I’m so sorry that you’re in this difficult situation with your mother-in-law. I, too, had a somewhat interfering MIL, so I can certainly sympathize! I’m wondering if he is an only son and if he lived at home until you got married. Sometimes mothers — especially mothers of sons, it seems to me — find it difficult to let go.

However, I do think you have to try to diplomatically put a stop to it. If you go along with her “coming over pretty frequently” I think you will eventually find it very irritating and the pressure will build up. Can you imagine how it will be if and when you have children? How does your husband feel about her frequent visits? Does he know she is questioning the way you take care of him? I’m sure he loves his mom, but as his wife, you should be the number one female in his life now. Perhaps he should be the one to tell her how well you look after him. Hopefully, he looks after you very well, too, and making sure his mother doesn’t upset you is a part of that.

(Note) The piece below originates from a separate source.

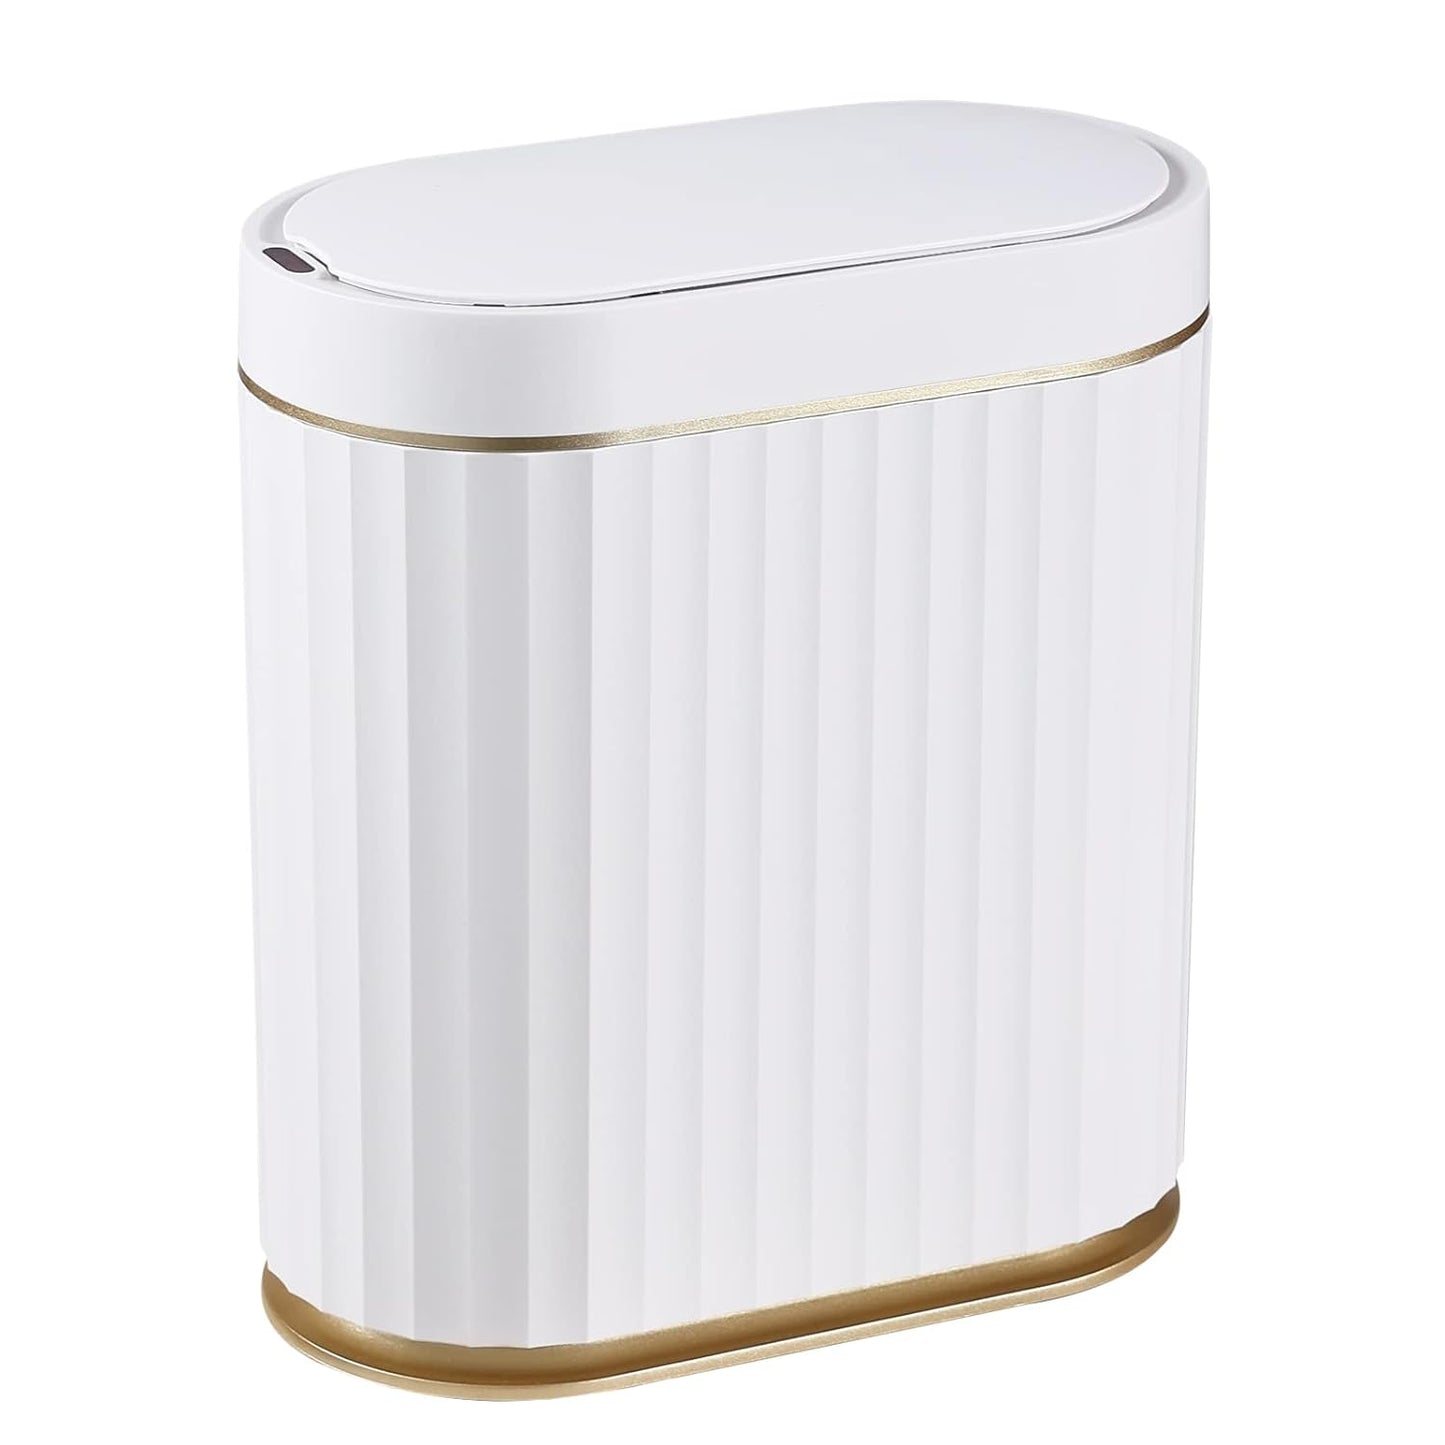 Bathroom Trash Can with Lid Waterproof Automatic Trash Can, 2 Gallon Slimline Smart Trash Can, 9 L Narrow Motion Sensor Trash Can for Bedroom, Bathroom, Kitchen, Office, White with Gold Trim

It took me a long time to learn to deal with my MIL. I bit my tongue a lot in the first few months, but eventually, I asked her — nicely — if she would mind just giving me a call before she dropped in, to make sure I was home and not too busy for a visit. Then sometimes I would tell her that it just wasn’t convenient. When she kept bringing over his ‘favorite’ things to eat, I thanked her and suggested that I needed to learn to make these dishes too, and perhaps she could just give me the recipes. We never became best friends, but she did learn to back off a bit and I learned to be a bit more assertive.

Make sure you and your husband are on the same page with this — he needs to know that it is upsetting for you that his mom doesn’t seem to think you’re taking proper care of him. It’s lovely that you have respect for her and that you don’t seem to mind her frequent visits, but I do think you and your husband need to set some boundaries and let her know that you are taking care of each other very well without her ‘help’.
I wish you the very best, and I hope you’ll write again if you want to talk more. We’re always here to listen.